狩人を獣と呼び、こちらに来るななどと。自分たちが獣であることを自覚することもできなくなっているのだろうか。
通路を塞ぐようにしてライフルを構えた疾患者が現れる。長大な銃身は古典的な猟銃ではあるが、人を殺すには足りる威力を保有している。
発砲。よりも一瞬早くアルバが駆けた。肉食獣染みた低姿勢で射線をかいくぐると、一気に距離を詰める。
霧の中にミルドリスの姿が消失するや、背後から迫りつつあった猟犬へと二筋の光の竜巻が空間に現れた。街灯を反射する二つの刃が描き出した斬撃が猟犬の頭部をねじ切ると弾き飛ばした。
「こちらは任せろ」
アルバが言うなり身を翻すようにして投げナイフをライフル持ちの疾患者へと投擲した。
「キサマ……」
ライフルを握る手へとナイフが吸い込まれていく。ぱっとどす黒い色の血液が散った。むき出しになった牙から唾液を吹き唸る、疾患者。
蹈鞴を踏んだ疾患者へと、アルバが槍を握ったまま突っ込んでいく。
再装填は間に合わないと判断した時既に遅し。槍の切っ先が肩口へと差し込まれていた。
解体する。破壊する。獣に酷い手傷を負わせる。負傷しても、治癒などさせぬ。という意思を込められた洗練されていないギザギザな槍先が肉を引き裂き骨を砕く。
もがく疾患者を、アルバはあろうことか槍ごと持ち上げて投げ捨てた。
疾患者を餌に攻撃を加えんと農業用の鍬を振り上げて迫っていた一人を視認したからだ。
――ガキン。
槍先を変形。同時に発砲。無数の散弾が鍬を握る人もとい獣の全身を打つ。極端に手元で拡散するように調整されたそれは、素早い獣の動きに対応する意味合いがあった。
動きを止めた一瞬を狙い変形した槍先を短く握り、懐に飛び込む。
腸もろとも腹を引き裂く。

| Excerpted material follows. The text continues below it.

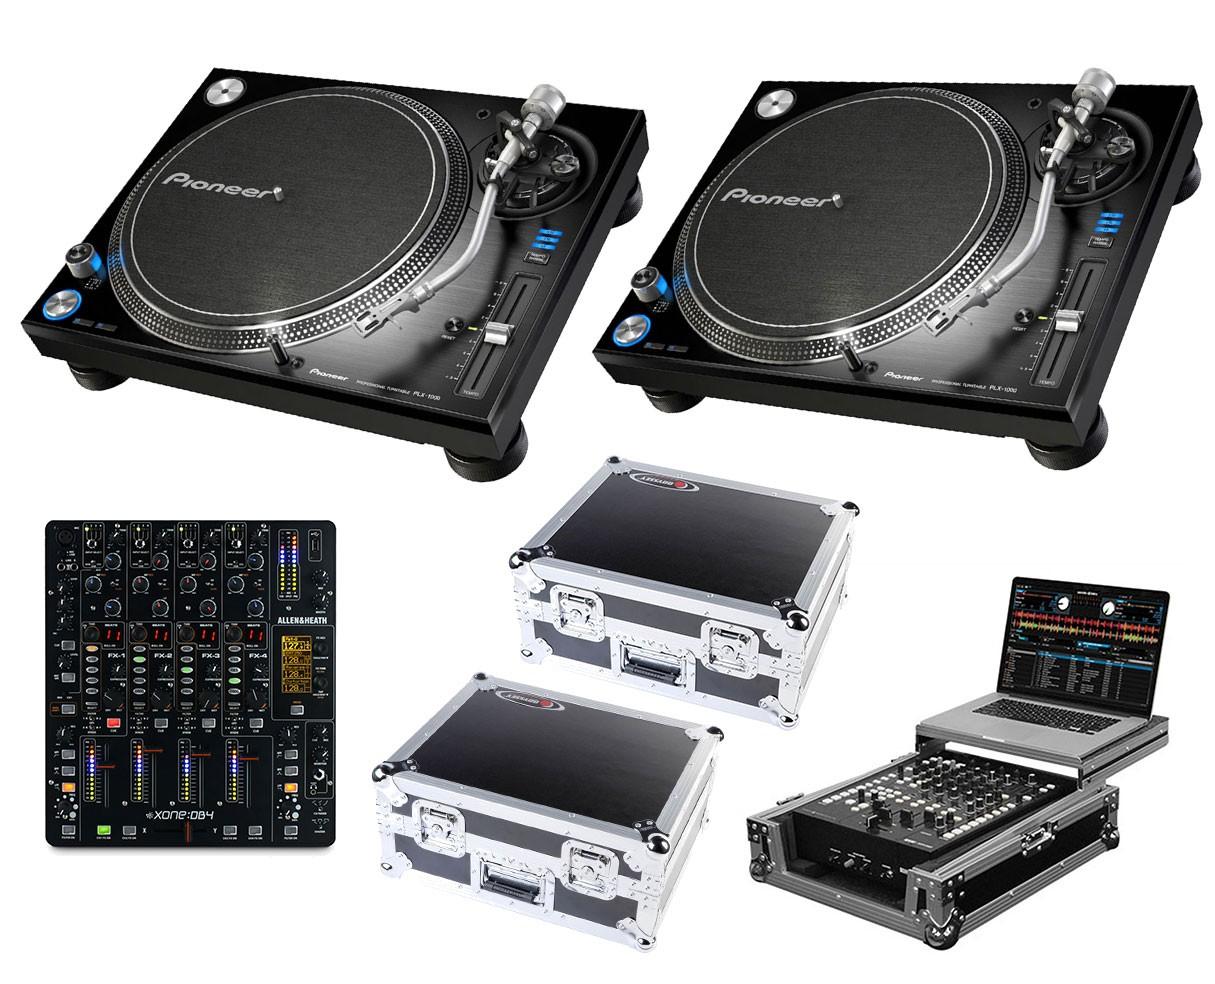 2x Pioneer PLX-1000 + Xone:DB4 + Odyssey Cases + Glide Style Case

鍛えられた腕力を持って切っ先を強引にねじ込んでいくや、背骨の折れる感触が手に伝わるまで止めずに突き進む。
「ガ………グ……」
力なく犬歯を鳴らす疾患者を握った槍の変形と同時に投げ捨てた。地面に放られた疾患者は腹部を押さえもがくことしかできない。
アルバはまるで煙草を燻らせるかのような仕草で火炎瓶の布に着火すると、一瞥をくれることもなく瀕死の疾患者へ投げやった。
悲鳴をあげて地面を転がる疾患者を尻目に慈悲の刃を携えたミルドリスがやってくると隣に並んだ。
涼しげな青い双眸は黒焦げの塊と化したそれを見つめていた。
どろどろに溶けた皮膚からはもはや人のそれとは異なる造形の骨格が覗きつつあった。
鐘の音が鳴っている。遠く、高く、狩りを祝福するように。
「私も大概だけどあんたもそうとうなもんよ。派手に燃やしてくれちゃって、これじゃ見つけてくださいといわんばかりじゃないのさ」
ミルドリスが鼻を鳴らしていた。
肉の腐ったような独特な匂いが火炎の中から立ち上がっていた。黒煙を感じ取った猟犬がすぐにでも駆けつけてくるだろう。
アルバは肩を透かして槍にこびりついた血肉を服の裾ではがしていた。
「そうかい。奴は特定の場所にいることを嫌う。派手に騒ぎを起こせばやってくるかもしれん。好都合だ」
「わかんないなあ。狼もどきを殺すのにそんなに執着するなんて」
「………」
アルバは答えずに歩き始めた。慌ててミルドリスが追いかける。
鐘の音はより一層強く鳴り響いていた。
その鐘の音はいつまでも執拗に鳴り響く。唸るように大きく。かすんだかと思えば、とたんに大きく波打ち、獣狩りの凄惨な光景をより一層に強調するのだった。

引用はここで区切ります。